Muzikale stedenreis in bruisensd Rotterdam
Trouw 18-11-1997
Adriaan Hager

ROTTERDAM – Bekend combineren met onbekend, dat is het concept van ‘Roaring Rotterdam’, een concertserie als geesteskind voortgekomen uit de samenwerking tussen de Doelen en de Avro. Die vijfdelige serie door het Radio Filharmonisch Orkest ziet er op papier aantrekkelijk uit.

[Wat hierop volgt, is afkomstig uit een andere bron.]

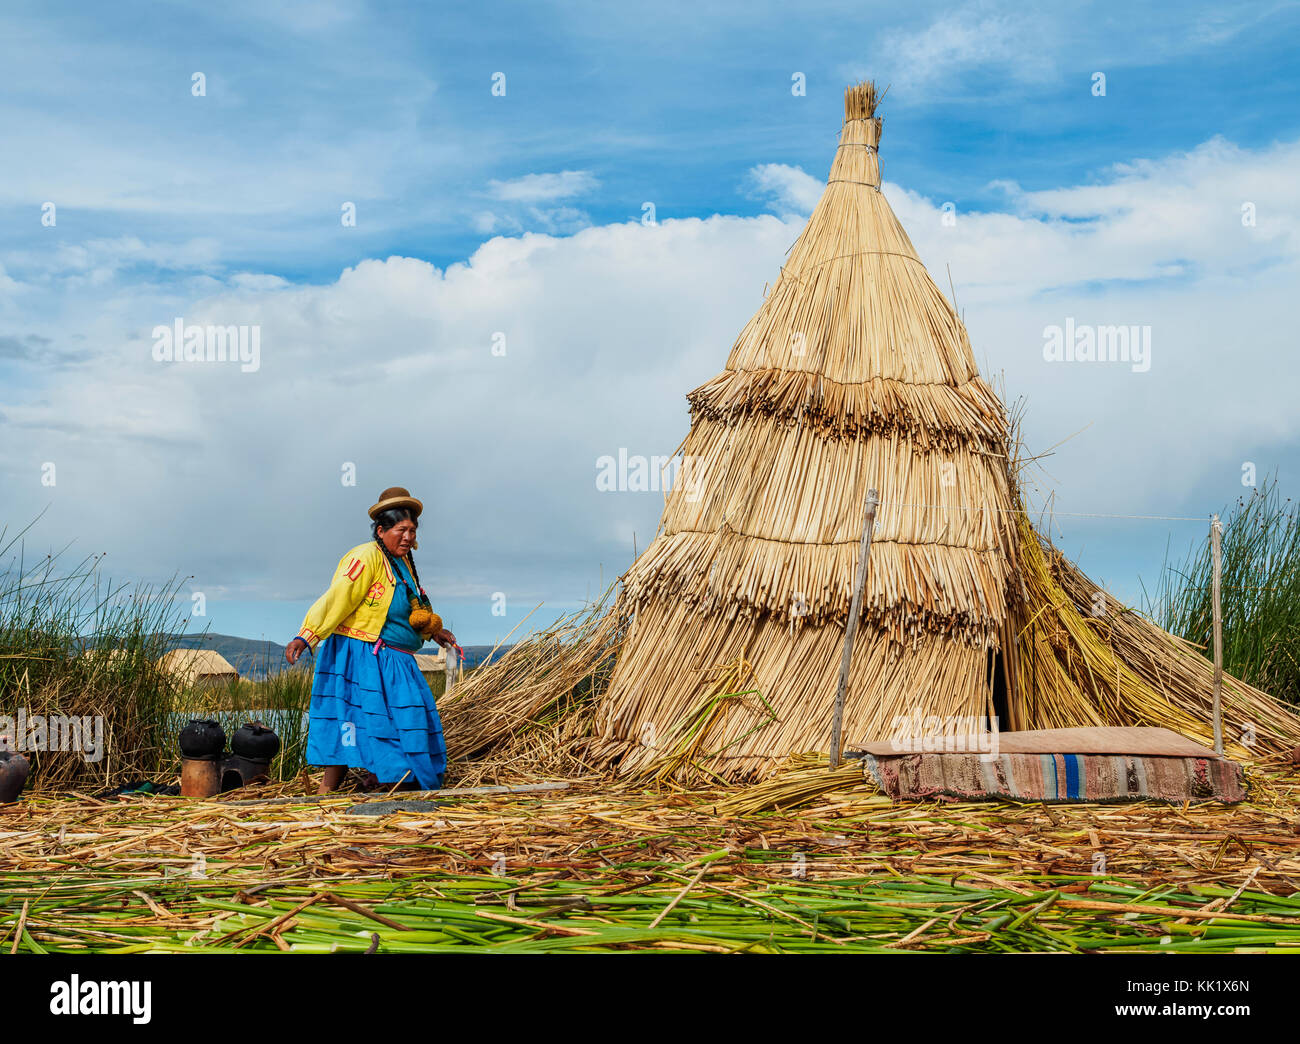 Native Uro Lady, Uros Floating Islands, Lake Titicaca, Puno Region, Peru - Stock Image

Bij het eerste concert afgelopen maandagavond, met een programma waarop niet minder dan twee premières van hedendaagse componisten, bleek dat een behoorlijk aantal bezoekers de moeite had genomen naar de Doelen te komen. Bekend was de Nieuwe Wereld-symfonie van Dvorák, onbekend waren de wereldpremière van ‘Roaring Rotterdam’ van Joep Franssens (42) en de Nederlandse première van het ‘Manhattan Concerto’ van de Duitse componist Siegfried Matthus (43). Kees Vlaardingerbroek, de samensteller van de concertserie, wil door middel van de vijf concerten een subjectief beeld van Rotterdam schetsen. „Rotterdam is een stad met een geheel eigen cultuur die vaak gekarakteriseerd wordt in termen als dynamisch, open, no nonsense, flexibel en slagvaardig”, zegt Vlaardingerbroek. Hij verwijst in dat verband naar projecten als de Erasmusbrug, de metrolijn, de wolkenkrabbers, de Kop van Zuid en de Kubuswoningen. „De snelheid waarmee al deze ambitieuze projecten gerealiseerd konden worden, is in de goede zin des woords typisch Rotterdams”, aldus de programmamaker. „Die allure en die snelheid zijn de uitgangspunten voor deze ’typisch Rotterdamse’ concertserie.” Het programma van maandagavond had iets weg van een reisbrochure. Stedenreizen naar Rotterdam en het Amerikaanse Manhattan en een rondreis door de Verenigde Staten met Dvorák als gids. Joep Franssens was al vroeg liefhebber van popmuziek, maar als muzikale ‘alleseter’ laat deze oud-leerling van Klaas de Vries zich niet in een hokje stoppen. Hij schrijft voor de meest uiteenlopende bezettingen, composities waarmee hij het publiek wil boeien door middel van een goed ‘verhaal’. In de programmatoelichting over `Roaring Rotterdam’ staat zelfs: ‘Franssens’ idioom is van deze tijd en dus toegankelijk’. Let op het woordje ‘dus’! De componist spreekt over ‘nieuwe spiritualiteit’ en het was die spiritualiteit waarmee hij het première-publiek aansprak. Met veel succes overigens.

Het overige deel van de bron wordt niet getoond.